Minor updates to a classic.
I already have the original Bread Baker’s Apprentice book on the shelf and it’s certainly a comprehensive resource on the art and science of bread making. It’s also one of the originals, published 15 years ago when people were probably more likely to buy a bread machine than make a sourdough bread from scratch.
In this new 15th anniversary edition, Reinhart has updated a few things. There is a new preface, the introduction has been tweaked, the methods (especially as related to mixing and sourdough) have been improved, additional comments have been added to recipe headnotes, and there are some minor recipe changes here and there. Also, the resources section has been totally rewritten – with a much greater emphasis on useful websites, because, well, 15 years. In terms of new content? Three new recipes: A sprouted wheat and brown rice bread, sprouted whole wheat onion and poppyseed bialys and beyond ultimate cinnamon and sticky buns.

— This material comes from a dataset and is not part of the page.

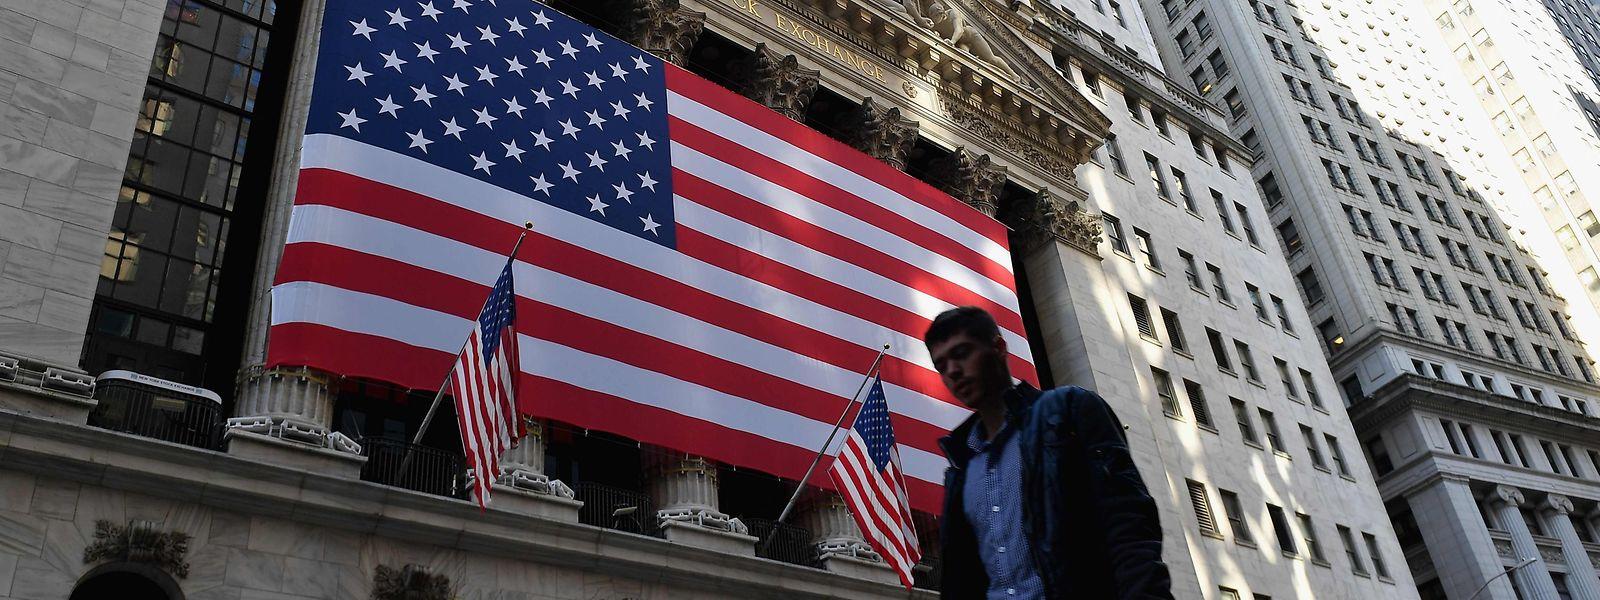 Die Aktienkurse explodierten, der Leitindex Dow Jones übersprang kurz vor dem Thanksgiving-Feiertag erstmals die Marke 30.000.

In short, if you already own The Bread Baker’s Apprentice, this is not a required upgrade. If your old copy is beat up and you’d like to replace, then by all means, get the new one. If you’re still happy with it, maybe check this one out for the small changes, but it’s not going to change your life. On the other hand, if you don’t already own the original version, and you love bread, this is a book that deserves a spot in your library, as a reference as much as a recipe book.
I received this book from Blogging for Books for this review.